◆ WHAT TO PRODUCE ◆
Copy out only the span from the line with "OWNER’S/OPERATOR’S MANUAL" to the end of the data, both ends kept, word for word.

◆ STUDY MATERIAL ◆

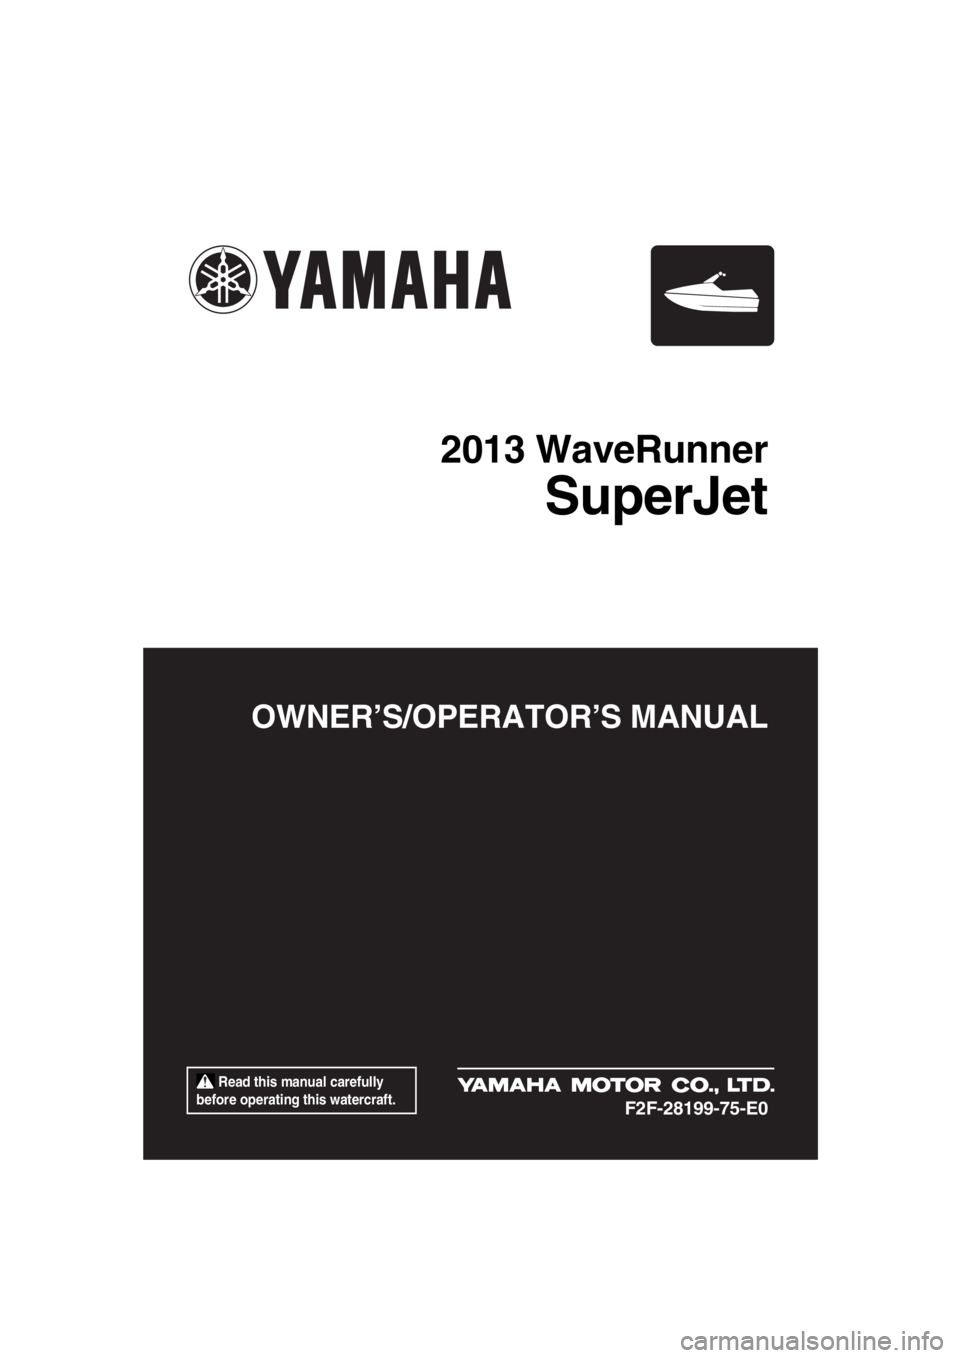 YAMAHA SUPERJET 2013  Owners Manual  Read this manual carefully 
before operating this watercraft.
OWNER’S/OPERATOR’S MANUAL
2013 WaveRunner
SuperJet
F2F-28199-75-E0
UF2F75E0.book  Page 1  Thursday, July 5, 2012  8:50 AM

◆ TASK ANSWER ◆
OWNER’S/OPERATOR’S MANUAL
2013 WaveRunner
SuperJet
F2F-28199-75-E0
UF2F75E0.book  Page 1  Thursday, July 5, 2012  8:50 AM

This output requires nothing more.